The next step is as follows

  1. Run the code '1_Download_Dataset.ipynb', this code will download the Coswara and Coughvid datasets, then extract them into the 'dataset' folder

  2. Run the code '2_Create_CSV_Files.ipynb', this code will create csv data regarding the Coswara, Coughvid, and Compare datasets and will be saved into the 'csv_files' folder

  3. Run the code '3_Normalized.ipynb', this code will normalize the dataset to be used, and the normalization results will be in each folder in the dataset as in 'dataset/Coswara-Data/wav_normalized'. This code will also merge the 3 normalized datasets into one folder named 'dataset/Merge-Data' and also create CSV data related to the merged data in the 'csv_files/normalized_data' folder. In addition, CSV data will be created regarding train data, eval data, and test data into the 'csv_files/experiment_data' folder.

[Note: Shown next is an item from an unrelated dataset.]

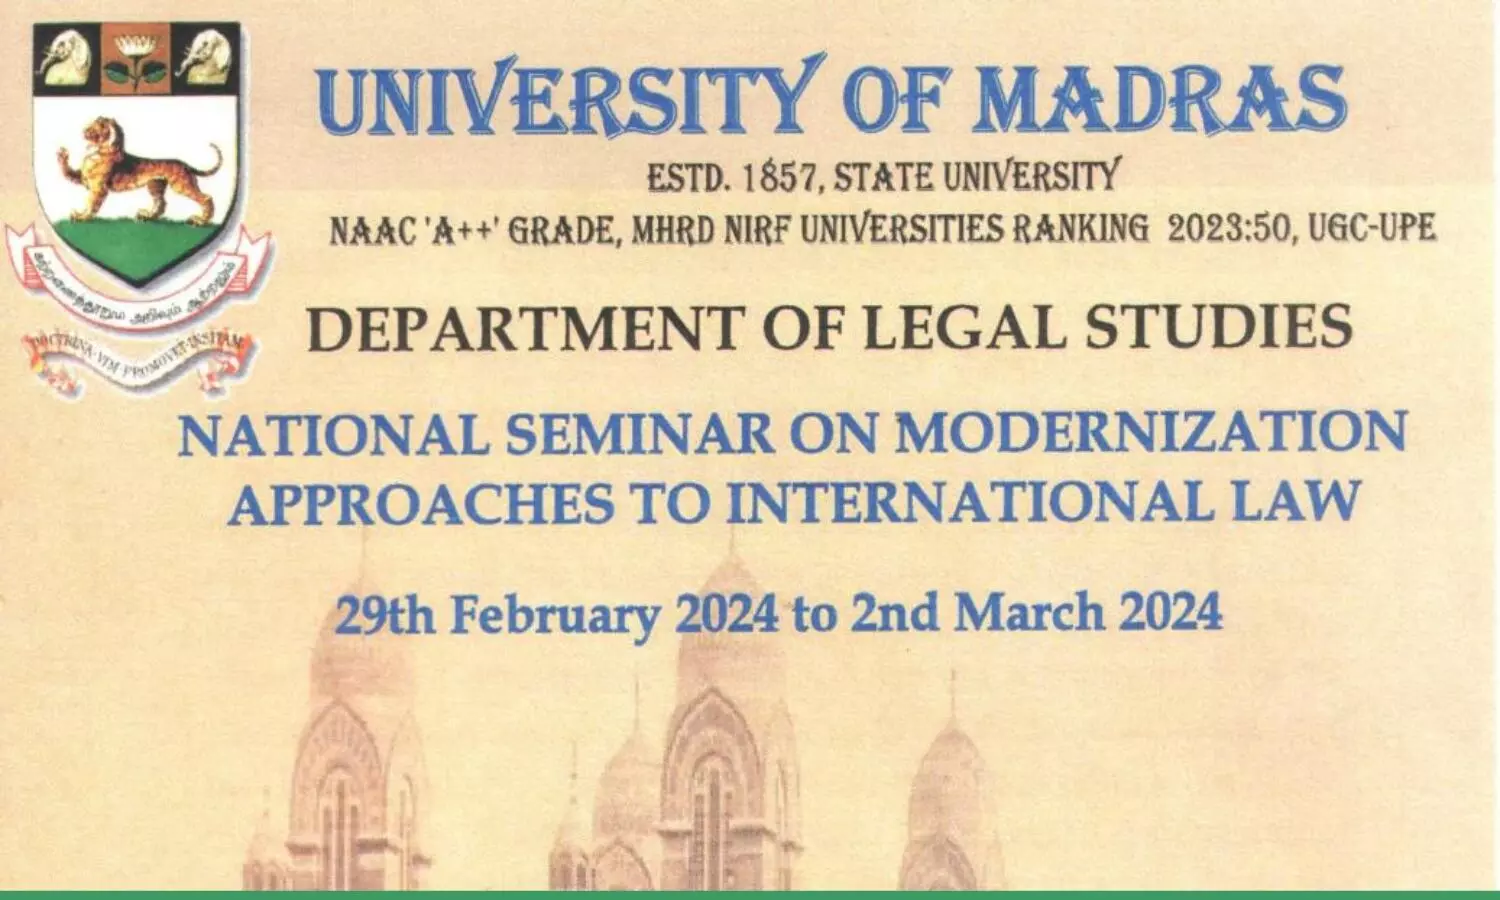 Call for Papers: Seminar on Modernization Approaches to International Law | University of Madras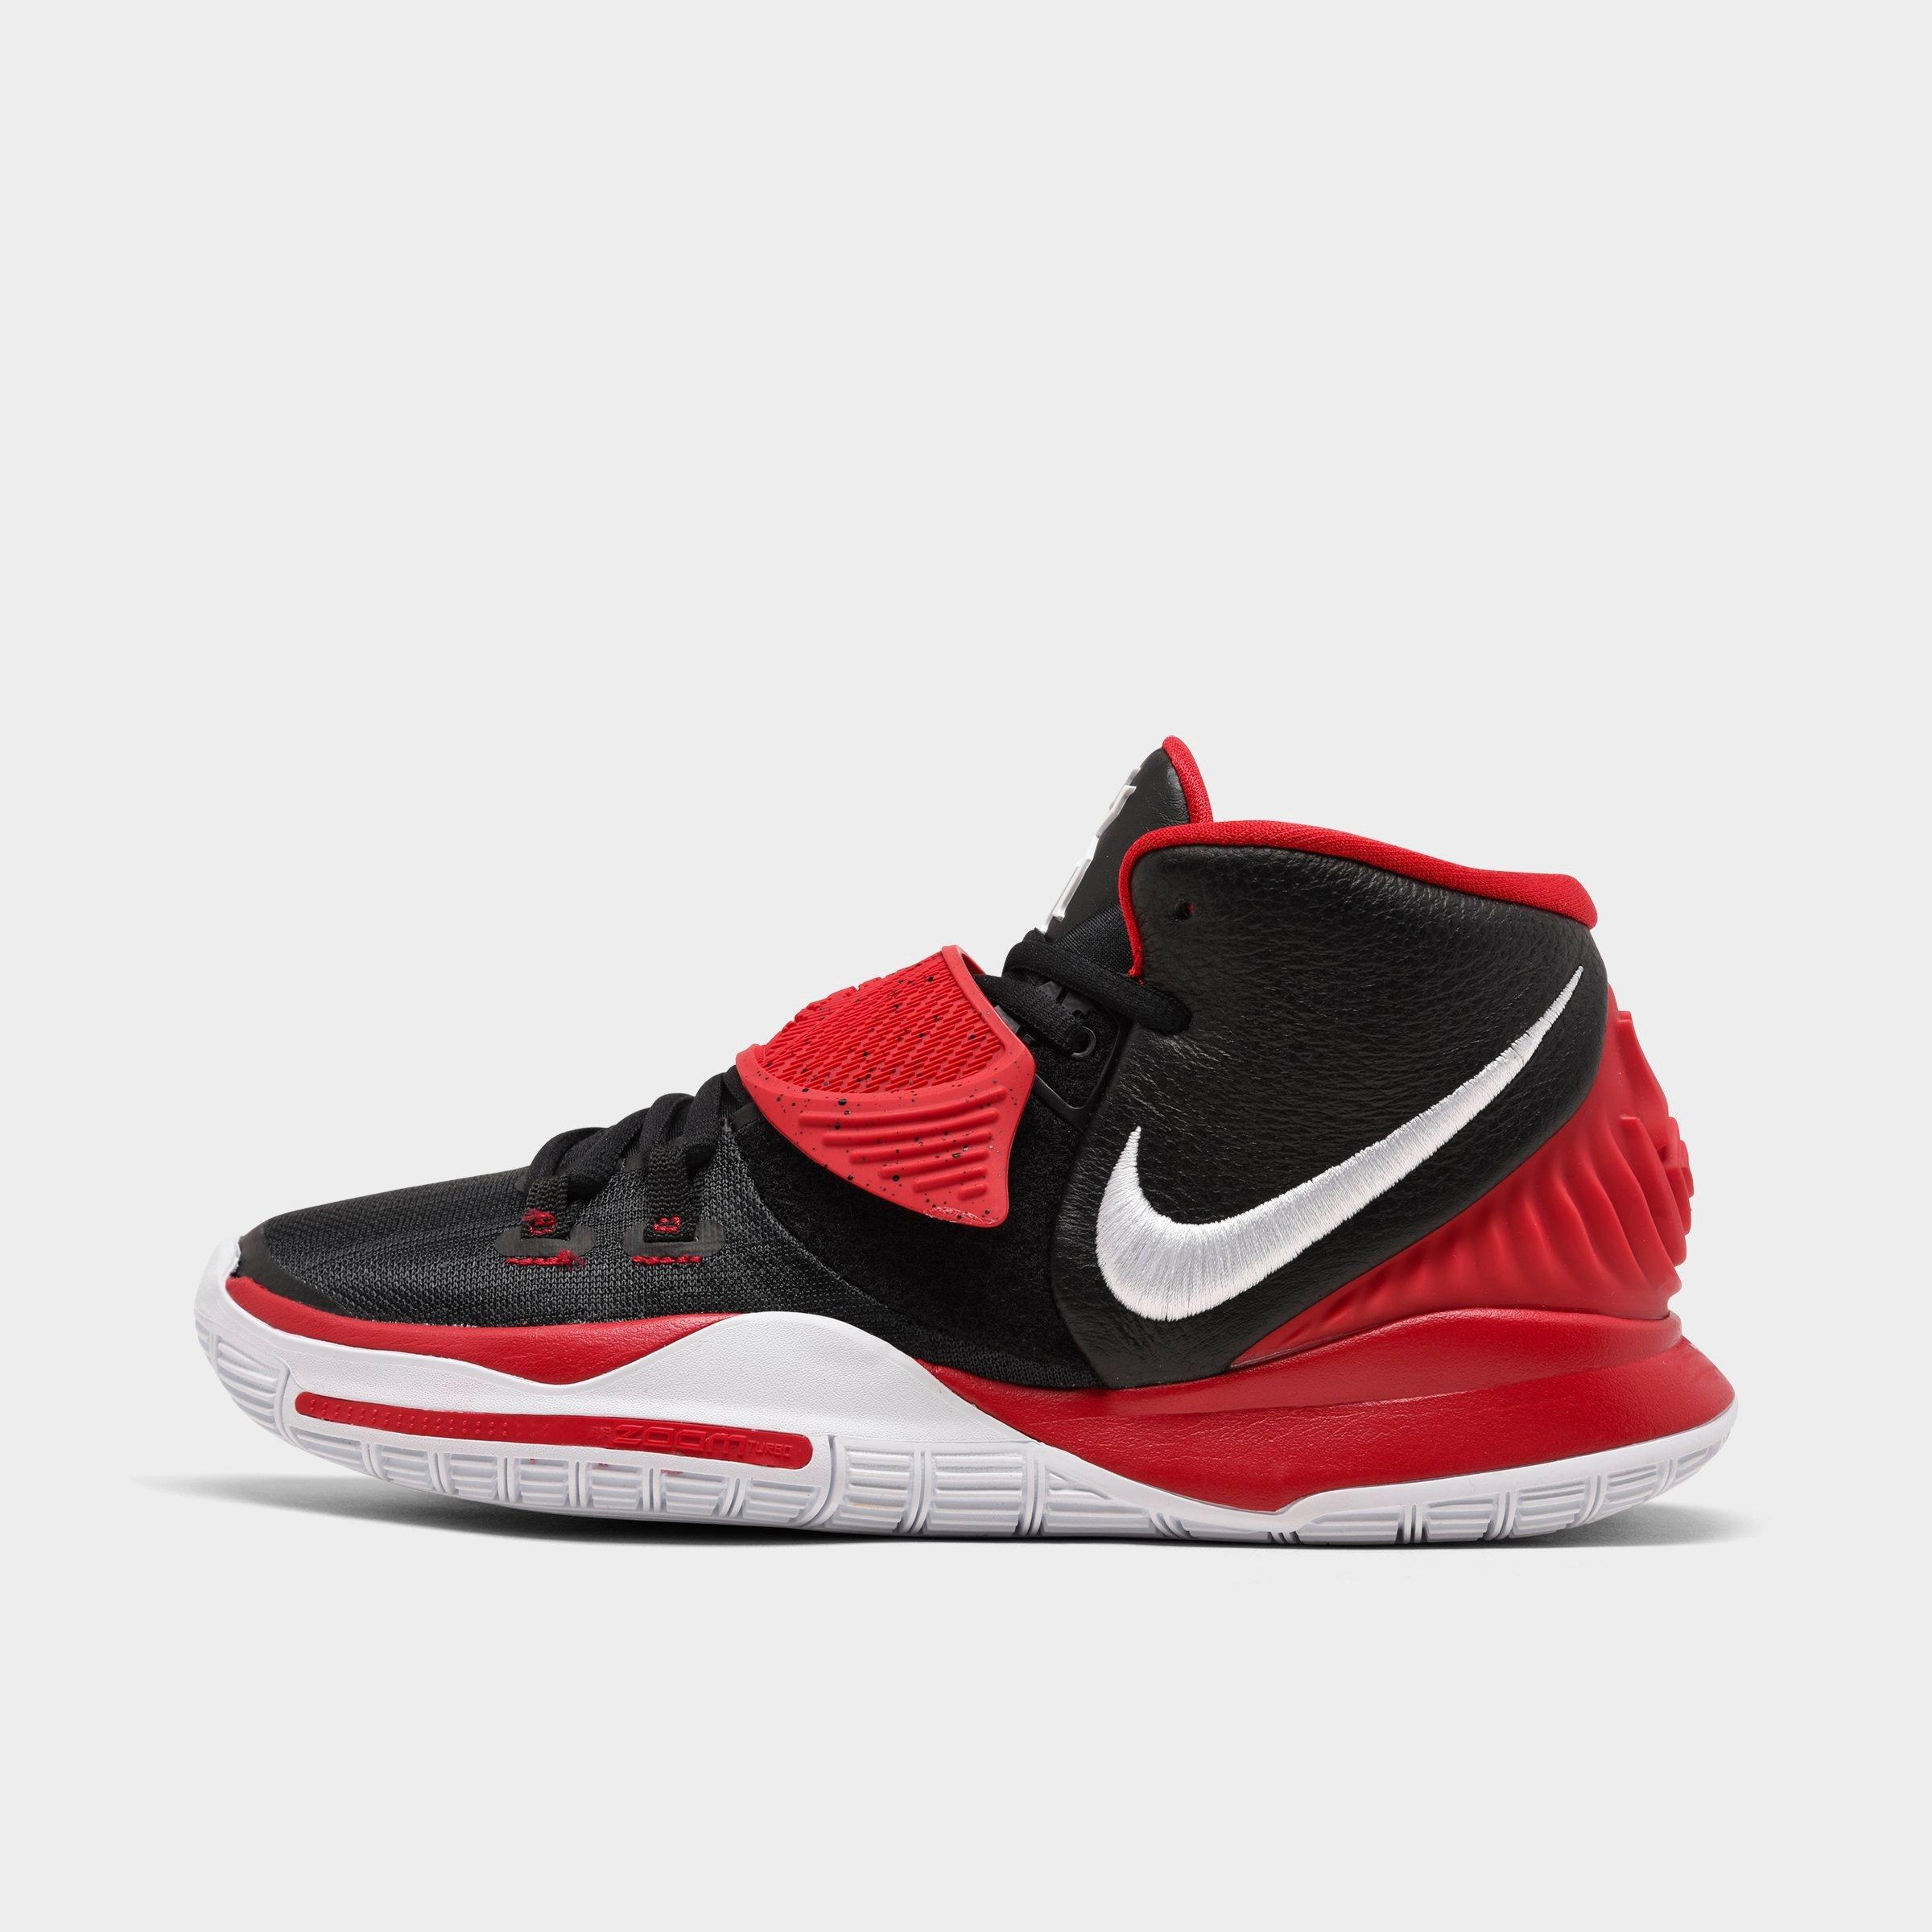 kyrie irving women's shoes

  4. Run the code '4_Training.ipynb', this code will train the combined dataset using 5 random seeds. In this code, seeds 9,30,41,42, and 46 are used because they have high yields. The training results will be saved in the 'results' folder.

  5. Run the code '5_Testing.ipynb', this code will test the model that has been trained using the test data. This test is carried out using 5 seeds that have been trained previously.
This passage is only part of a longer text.